A hermenêutica da coisa
A elite brasileira beira ao nojo, quase sempre. É iletrada, consumista, acha que a Veja é a maior fonte de verdade do universo, rejeita qualquer dialética, é preguiçosa – no que eu consideraria virtude se não fosse a paradoxal crença na moral do trabalho como transcendência – e, o pior de tudo, adora bajular quem está no poder.
O episódio da desembargadora Rejane Andersen – acusada de usar da prerrogativa do cargo para tentar dissuadir os policiais a liberarem o veículo irregular de seu filho – é bastante revelador, porém, não comum no Brasil que carrega nas costas uma elite com todas as “virtudes” citadas acima. Pior do que a suposta tentativa da magistrada foi a divulgação de uma nota infeliz da Associação dos Magistrados Catarinenses, que só fez piorar o fato.
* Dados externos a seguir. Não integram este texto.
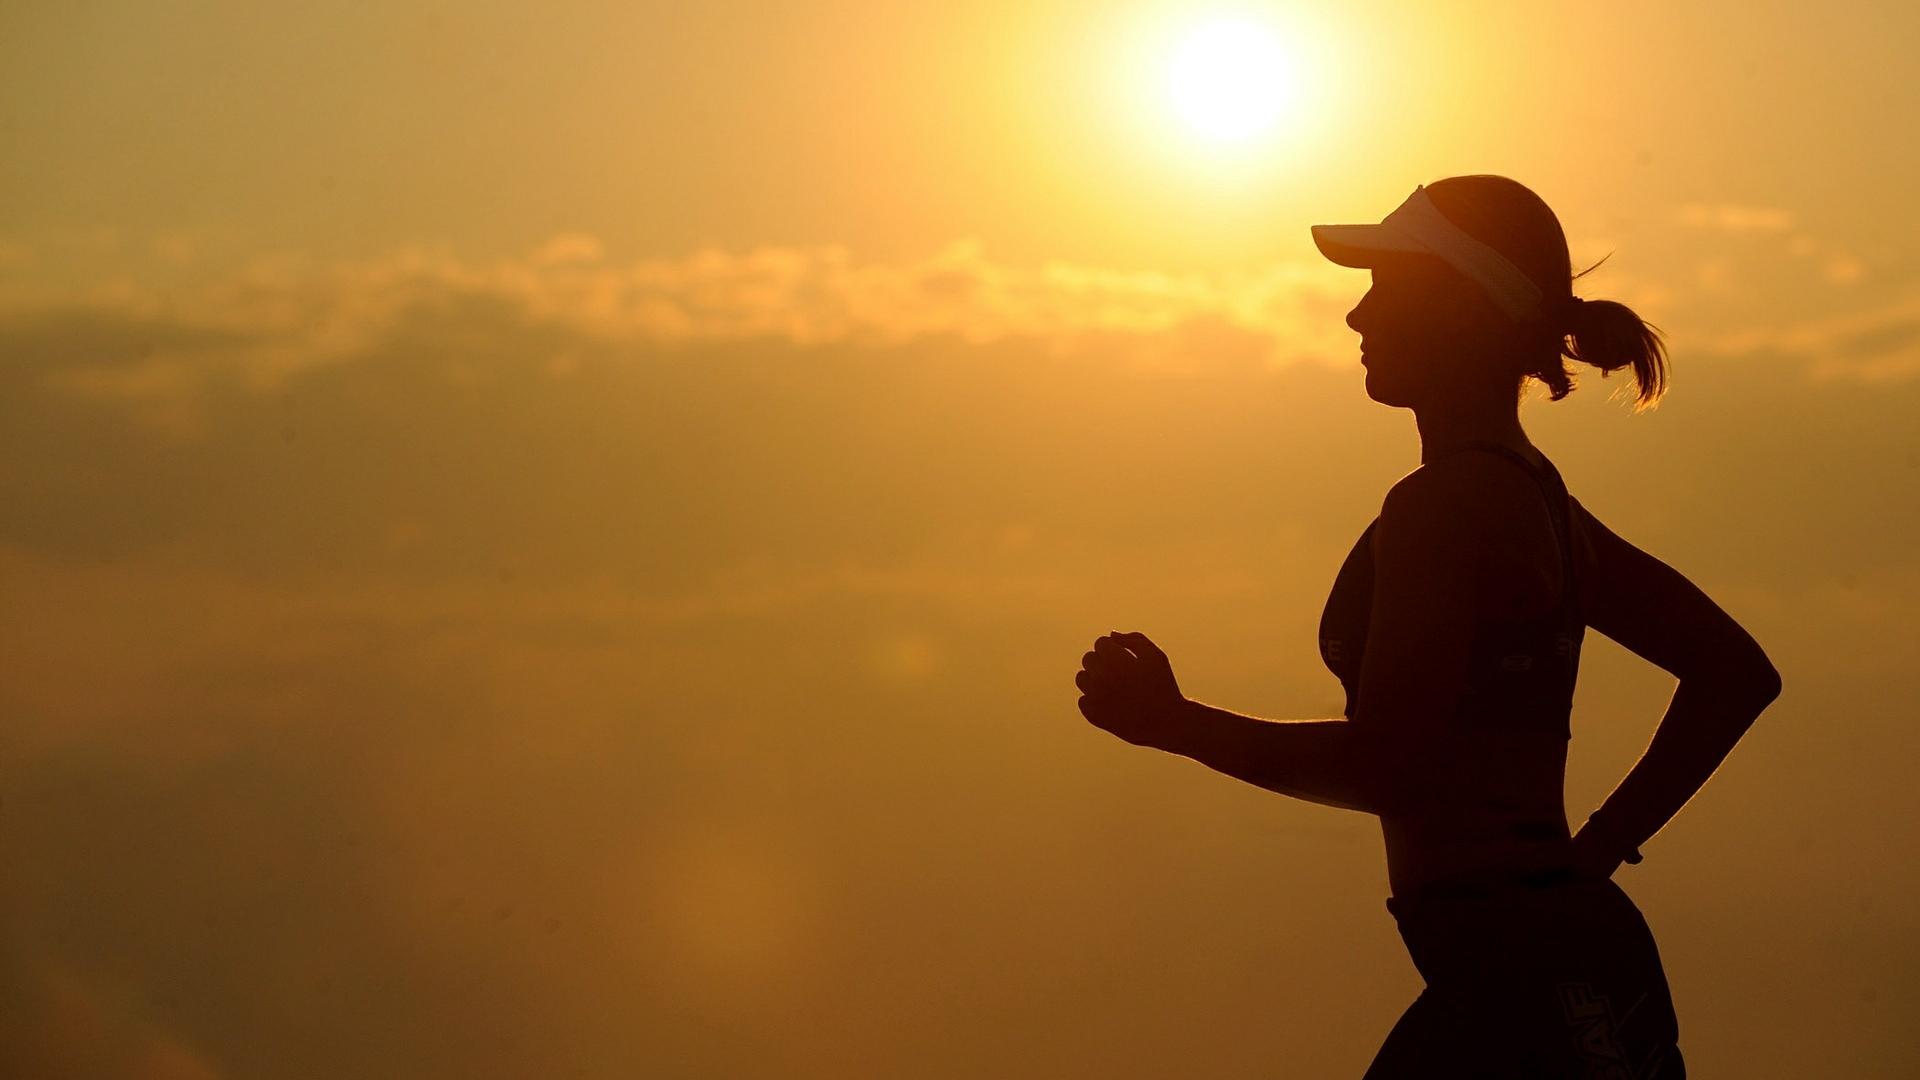 running-573762_1920.jpg

Primeiro, porque a priori a justiça só pode se manifestar após extenso inquérito e ouvir todas as partes envolvidas num litígio. Mas numa leitura atenta das entrelinhas da nota (coisa que os próprios estudiosos do Direito chamam de hermenêutica) percebe-se que a AMC julgou por antecedência, inocentando um membro de seus pares, apenas ouvindo uma das partes, qual seja, o próprio “relato” da magistrada. A nota ainda confirma que a desembargadora “começa a questionar de maneira educada (...) se havia possibilidade de liberar todos os envolvidos antes da chegada do caminhão-guincho”. Ora, se ela conhece mesmo a lei, como a própria nota avisa, jamais deveria, mesmo que de forma educada, “questionar” a possibilidade da liberação dos envolvidos. Se está irregular, o policial não pode fazer vistas grossas, e, como um deles diz no vídeo, “aí mesmo é que tem que dar o exemplo”.
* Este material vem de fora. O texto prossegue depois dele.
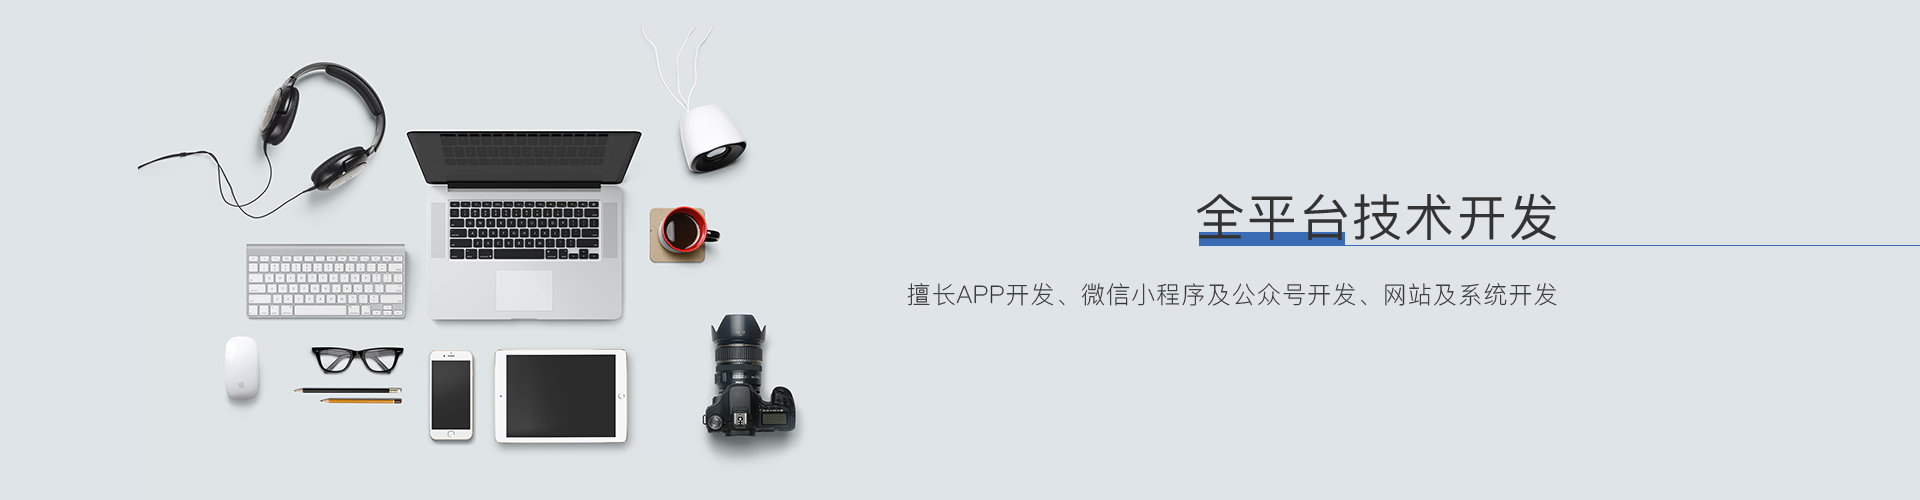 北京APP开发

Mas num Estado onde um governador não pode ser julgado apenas pela condição de estar exercendo o cargo, mesmo com evidências, as quais todos conhecemos, e ainda assim permanece no poder, coisa que AMC nunca divulgou um nota para esclarecer à população o motivo de tal descalabro, não dá para exigir da desembargadora uma atitude que seria a mais digna ao cargo que ela exerce, a de pedir desculpas, e dizer que os juízes, assim como nós, “simples mortais” sujeitos às benesses e rigores da lei, também erram.
Publicado no Diário Catarinense, 24 de abril de 2010.